スポーツとは?簡単なようで、ダイビングをスポーツと定義する場合のスポーツは、やっかいだ。前に編纂した最新ダイビング用語事典でもずいぶん迷った。「ダイビングはスポーツではない。レクリエーションだ」という議論をしたことがあったからだ。スポーツだと定義すると、政府管轄が文部省になる。レクリエーションとなると、経産省になる。いまとなっては、そんな縄張り争いはナンセンスで片付けられるが、海中開発技術協会が今のレジャー・スポーツダイビング産業協会に衣替えするときに問題になった。ちなみに文科省にはスポーツダイビングという言葉がタイトルになっている法人はない。そして、西が丘にある国立のスポーツ研究所には、スクーバはもとより、スキンダイビングももちろんフリーダイビングについても研究するセクションがない。他のすべてのスポーツについては研究されている。また、山岳の事故が多いということで、国立登山研修所があるが、ダイビングの事故が多いからといって、国の研修、研究機関はない。その理由は、ダイビング業界が、スポーツということで国に研究されるのは迷惑だと拒否したからで、まあ、それも一理あるのだが、ここのところ、こだわっている大学の部活動としてのダイビングなどを考えると、各学校での活動に関連する部分だけでも、文科省に研修センターなどがあり、海洋高校の潜水プールなみの、施設が西が丘、もしくは品川の海洋大学あたりにあったら、事情が全く変わったのにと残念だ。これも、僕の息が続かなかった。
結果として、文科省に関連する公益法人としては、わが社会スポーツセンターだけがあるが、その力は室内スポーツ選手権大会がようやくできる程度である。でもこれが、目下のところ、最後の砦だ。高齢化社会の到来にアダプトすることをめざして、生涯スポーツとして、自分でも泳いだりしている。
茨城県海洋高校の潜水プール
国はスポーツとして援助はしてくれないが、最新ダイビング用語事典では、スポーツダイビングと項目名をつけて、レジャー、あるいはレクリエーションの上位の概念としてスポーツを取り入れている。

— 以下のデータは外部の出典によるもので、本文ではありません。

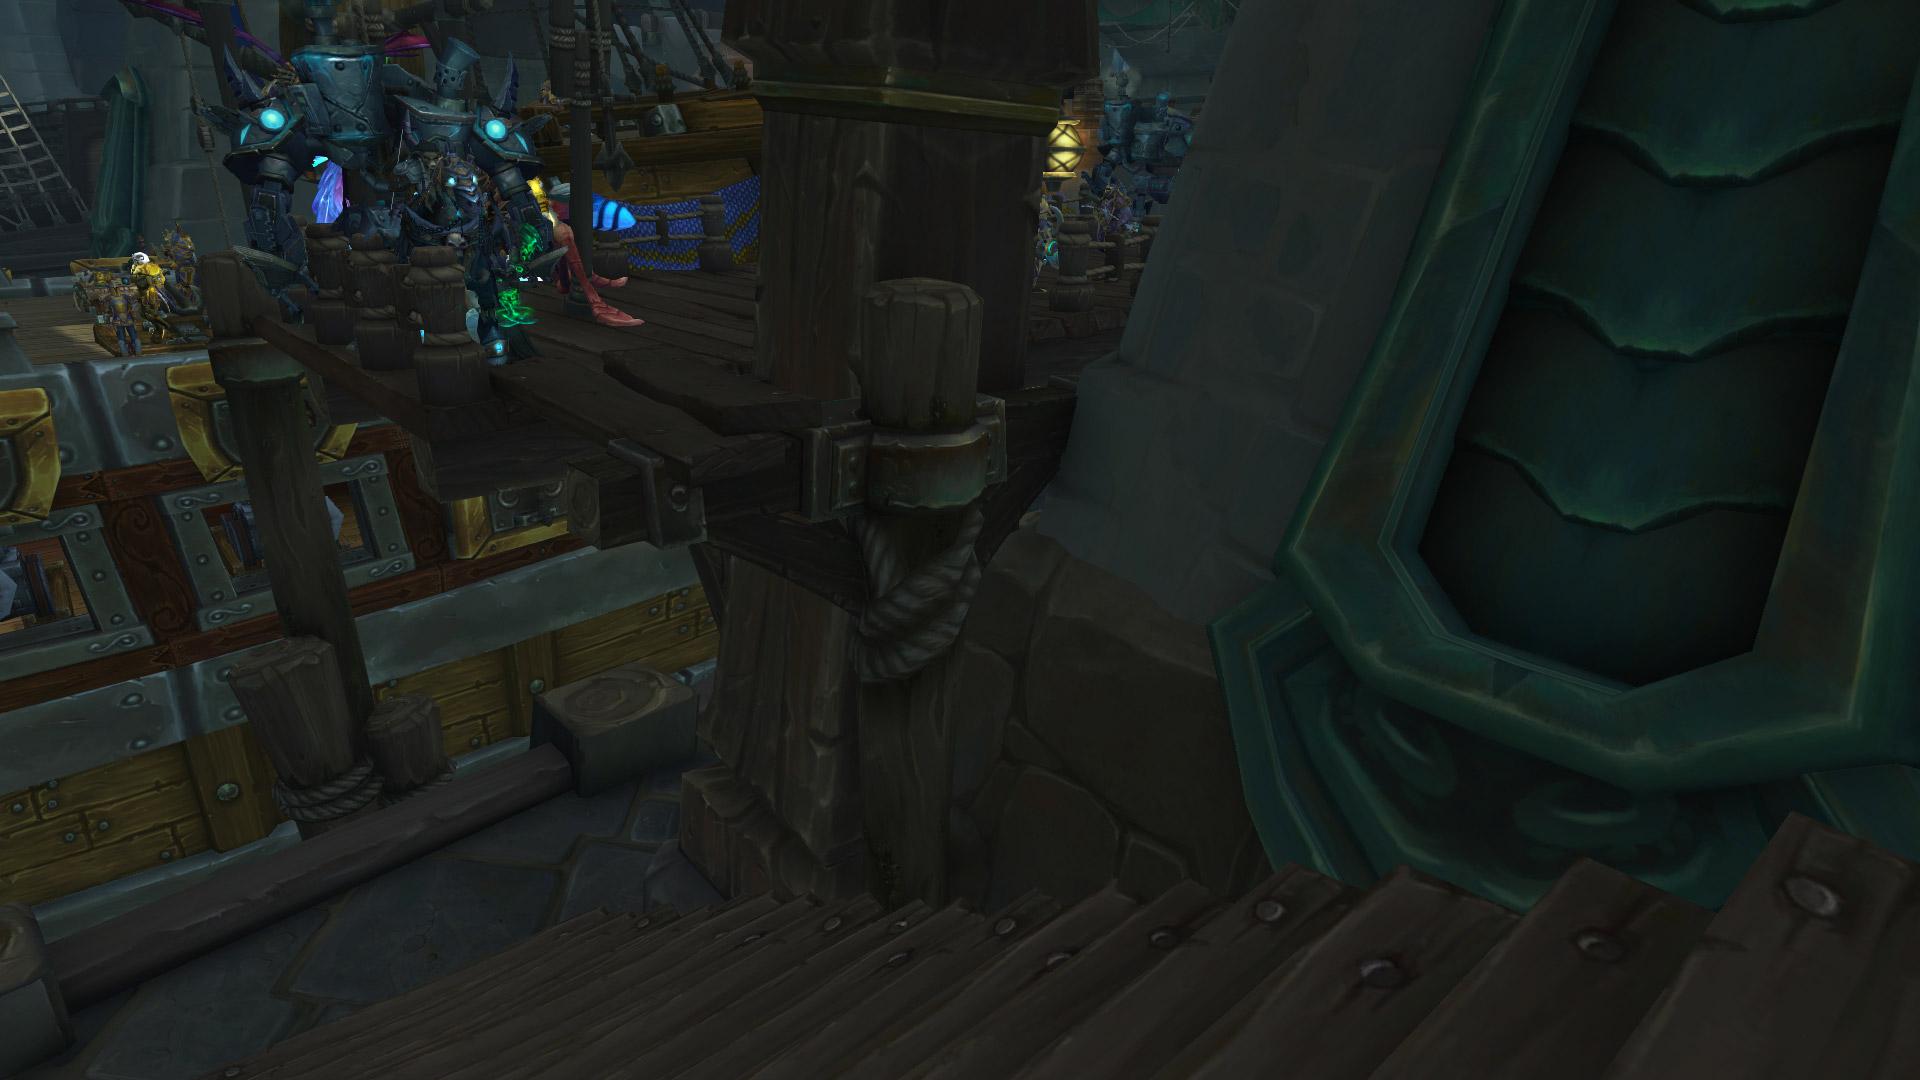 Une planche a été ajoutée à Boralus pour rejoindre le navire de l'Alliance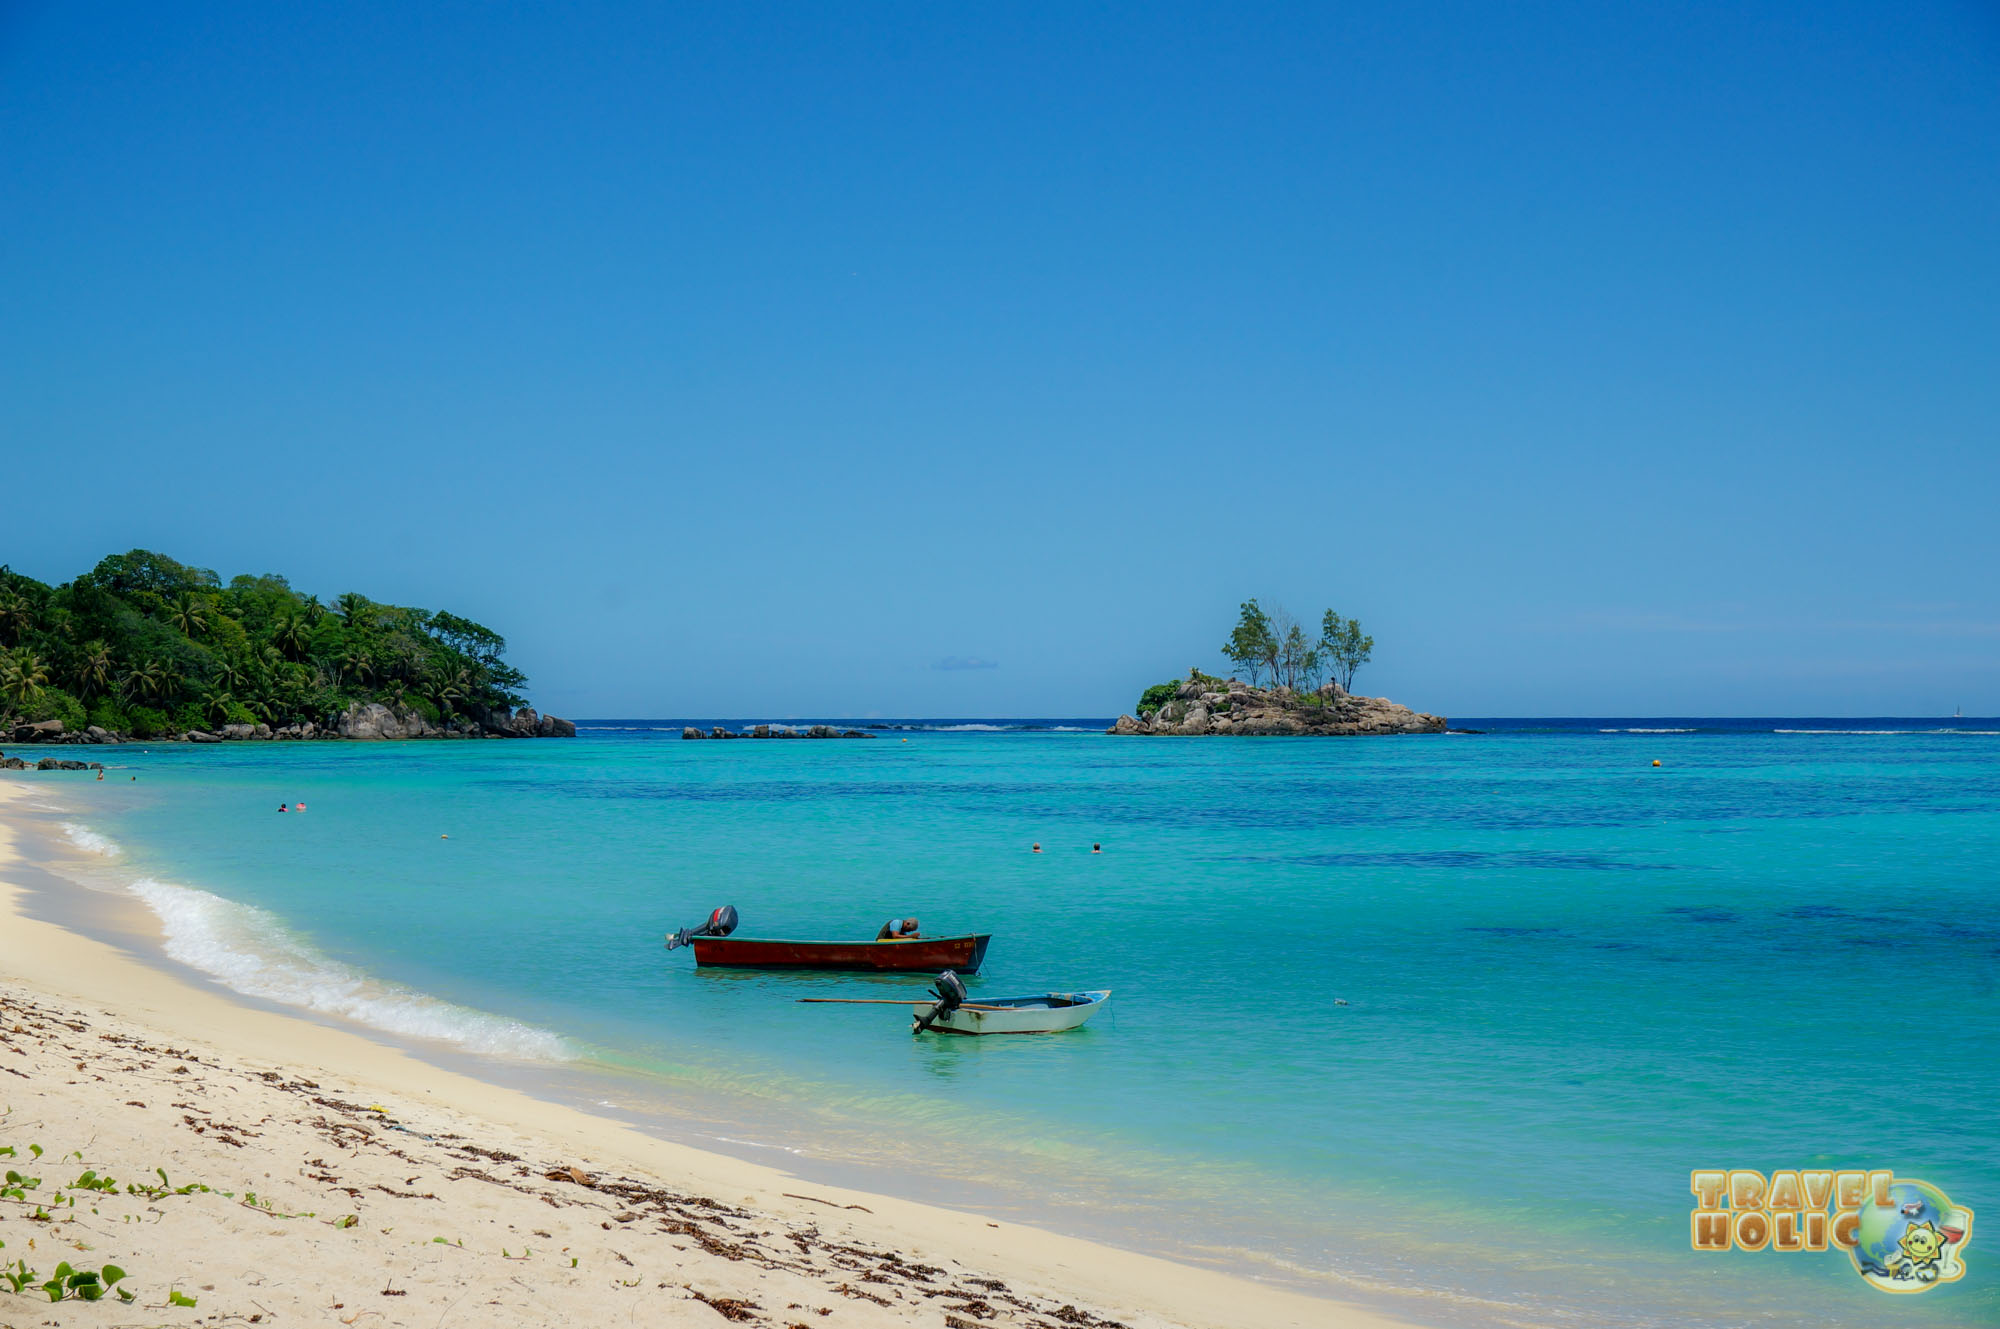 50 nuances de bleu sur l'île de Mahé aux Seychelles

ところで、港湾土木、漁業、あるいは研究的調査潜水もスポーツという概念からは完全に外れている。と思っていいだろう。しかし、僕は、工事の潜水も、調査もスポーツ感覚でやってきた。スポーツ同様の楽しさがある。そのうえに賞品としてお金をもらえて、生活ができる。趣味を仕事にしてしまう、という言葉はあまり好きではないのだが、明確にそれに該当する。
沖縄とか八重山のウミンチューは、仕事だから、漁業だから、非漁民には禁止されているスピアフィッシングを、免許制ではあるが、お金を稼ぐ途として、楽しめる。最近ちょっと世の注目を浴び出した海女さんも、最高のスポーツだ。スポーツなんて楽な気持ちで、仕事の潜水はできるものではない、という人もいるだろうが、体がきついことでは、トライアスロンなんてものもある。あれに比べれば、たいていの労働はらくなものだ。
サルベージ作業もオイルビジネスのシステム潜水も、そしてもちろん宝探しも最高のスポーツだ。スポーツではない、スポーツ感覚でやってはいいけないダイビングを探すのは難しい。唯一、汚水の中に潜るのは嫌だが、これもスポーツと思えば我慢できる。ぼくはそうやってやってきた。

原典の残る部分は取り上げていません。